DIRECTIONS FOR THIS TASK — Retype the listing below, keeping every line the same.

DATA EXCERPT —
————————

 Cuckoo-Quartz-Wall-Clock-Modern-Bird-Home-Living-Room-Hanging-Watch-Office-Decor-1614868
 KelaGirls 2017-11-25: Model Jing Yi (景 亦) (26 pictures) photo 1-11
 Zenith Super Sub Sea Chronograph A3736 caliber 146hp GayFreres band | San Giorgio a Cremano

————————

RESPONSE AREA —
 Cuckoo-Quartz-Wall-Clock-Modern-Bird-Home-Living-Room-Hanging-Watch-Office-Decor-1614868
 KelaGirls 2017-11-25: Model Jing Yi (景 亦) (26 pictures) photo 1-11
 Zenith Super Sub Sea Chronograph A3736 caliber 146hp GayFreres band | San Giorgio a Cremano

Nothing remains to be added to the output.